Advanced Beginner Obedience

​This advanced class is for dogs and handlers who have completed one or more Beginners Obedience classes and are preparing for or currently showing in AKC Competition Obedience Beginner’s Novice (BN) and/or Novice Obedience (CD) competitions. Dogs entering this class should already be heeling on-leash and have reliable sit/down/stay/stand/recalls/finish on leash with little to no correction needed. Teams in this class will learn basic ring etiquette, alternate finishes, transition to off-leash work and perfecting both on and off-leash heeling, figure 8s and stays.
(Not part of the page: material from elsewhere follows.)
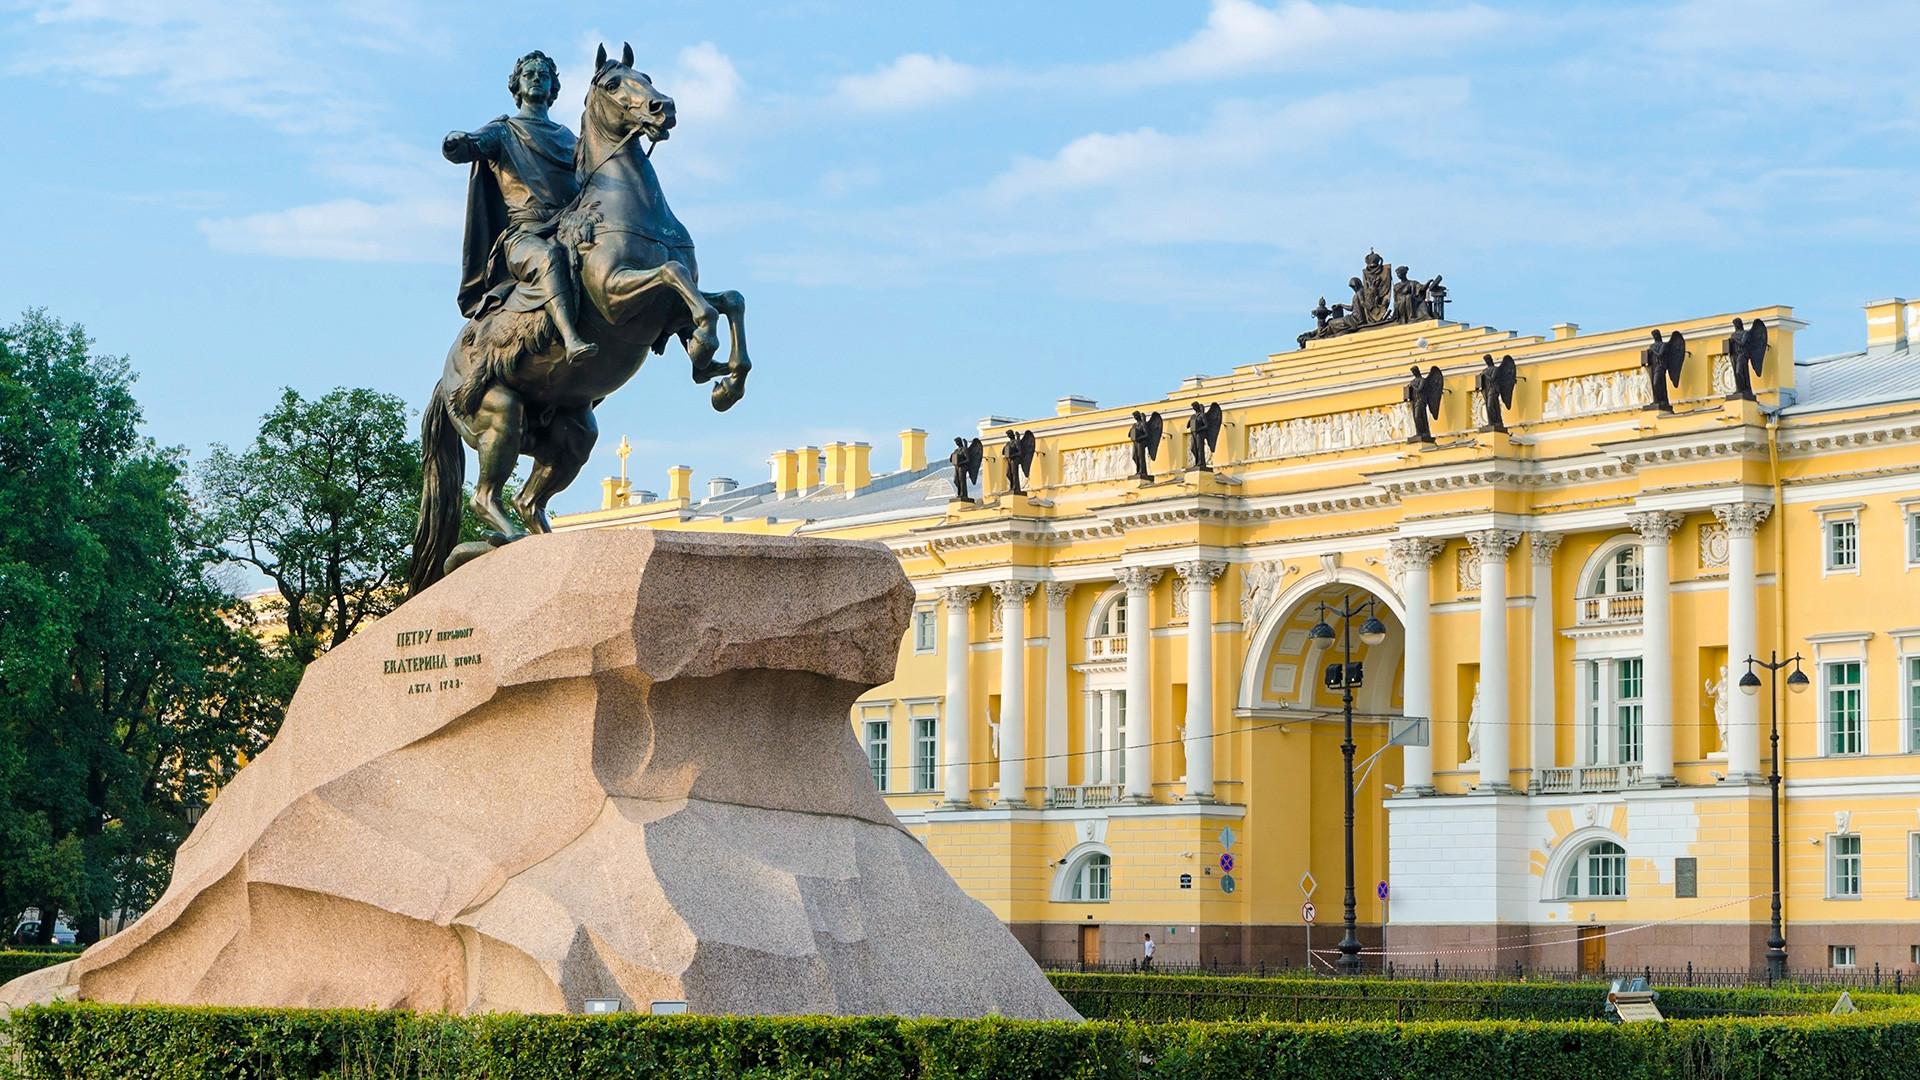 Patung Penunggang Kuda Perunggu, monumen Pyotr yang Agung

Dogs will learn distance off-leash recalls with proper sit and finish. ​

Graduate Novice Obedience 

This class is for dogs that have successfully completed AKC Beginner Novice and/or Novice classes and are ready to begin learning skills needed for Graduate Novice and/or Open Obedience including retrieve on flat, high jump, broad jump and drop on recall. It is also appropriate for dogs competing in AKC Graduate Novice and/or Open trials. This class will introduce taking, holding and retrieving a dumbbell and introduce both the broad and high jumps as well as fine tuning on and off-leash heeling. It will also introduce the drop on recall exercise and the sit/down stay-get your leash exercise. ​The class also covers motivating your dog, play training, and problem-solving training issues.


About Competition Obedience

Think your dog is an A+ student? Are your friends and family jealous with how well you’ve trained your dog? Then you might want to take things to a new level by participating in Obedience competitions (also called “trials”).

Developed in the 1930s, Obedience is one of the AKC’s oldest sporting events. From walking on- and off-leash to retrieving and jumping, or demonstrating your dog’s ability to stay, Obedience trials feature dogs that are well-behaved at home, in public places, and in the presence of other dogs. It is essential that the obedience dog demonstrates willingness and enjoyment while it is working with the handler.

Whether or not you want to compete, every dog owner should consider some form of obedience training. It’s the best way to establish good communication skills between you and your dog – and to make sure that your dog is the most well-behaved one in your neighborhood!